TUHAN TAK PERNAH LUPA AKAN JANJI-NYA

Setelah Yusuf meninggal dunia dan lama setelah itu, seiring anak-anak Yakub beranak-cucu memenuhi Mesir, bergantilah dinasti yang menguasai Mesir. Saat itu kerajaan Mesir dipimpin oleh Firaun yang sangat jahat. Ia bertanggungjawab atas perbudakan umat Israel dan pembunuhan anak-anak lelaki Israel. Kehidupan umat Israel sangat menderita di bawah kepemimpinan raja ini.

Umat Israel menjerit dan meratap atas perbudakan itu. Jeritan minta tolong tersebut sampai kepada Tuhan.

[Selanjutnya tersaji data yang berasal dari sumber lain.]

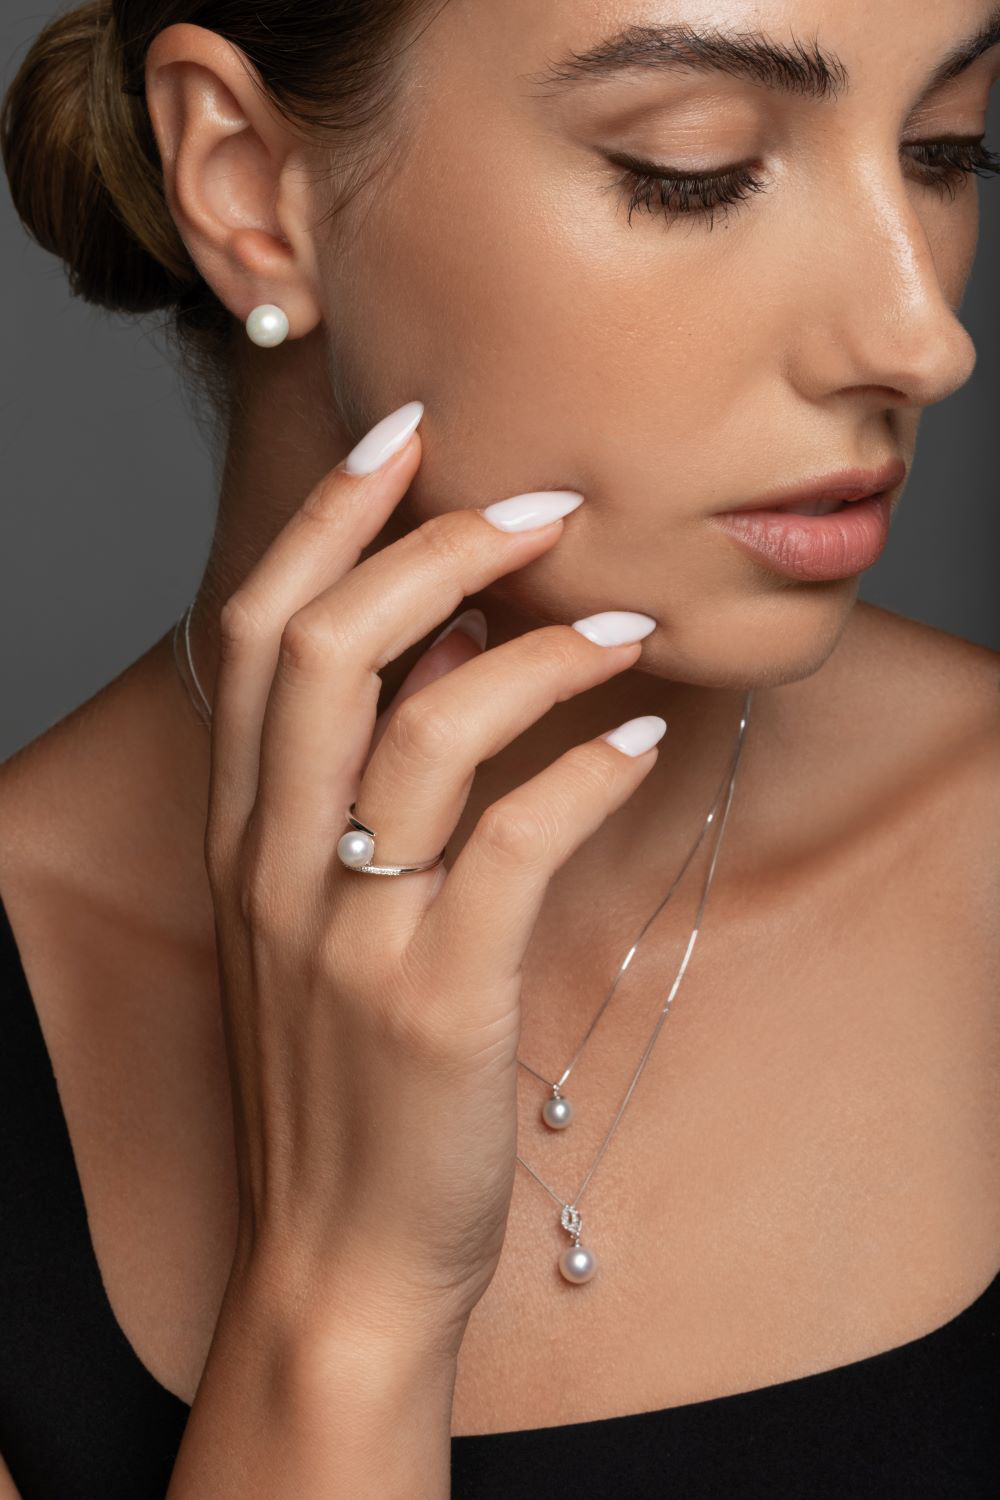 Δαχτυλίδι Pearls από λευκό χρυσό 18K με freshwater pearl και διαμάντια μπριγιάν

Ada empat kata kerja yang dipakai untuk tindakan Tuhan atas hal ini, yaitu “mendengar”, “mengingat”, “melihat” dan “memperhatikan”. Kata “mendengar” yang dipakai di sini berarti “mendengar doa”. Teriakan minta tolong dari orang Israel tersebut adalah sebuah doa yang didengar oleh Tuhan. Ketika Dia mendengar doa umat-Nya, maka Ia mengingat akan perjanjian-Nya dengan Abraham, Ishak dan Yakub, bahwa tanah Kanaan telah diberikan kepada umat Israel. Sebagai tindakan mendengar dan mengingat tersebut, maka Ia “melihat”. Kata “melihat” berarti Ia peduli akan penderitaan umat-Nya. Maka Ia “memperhatikan”, yang artinya “bertindak”.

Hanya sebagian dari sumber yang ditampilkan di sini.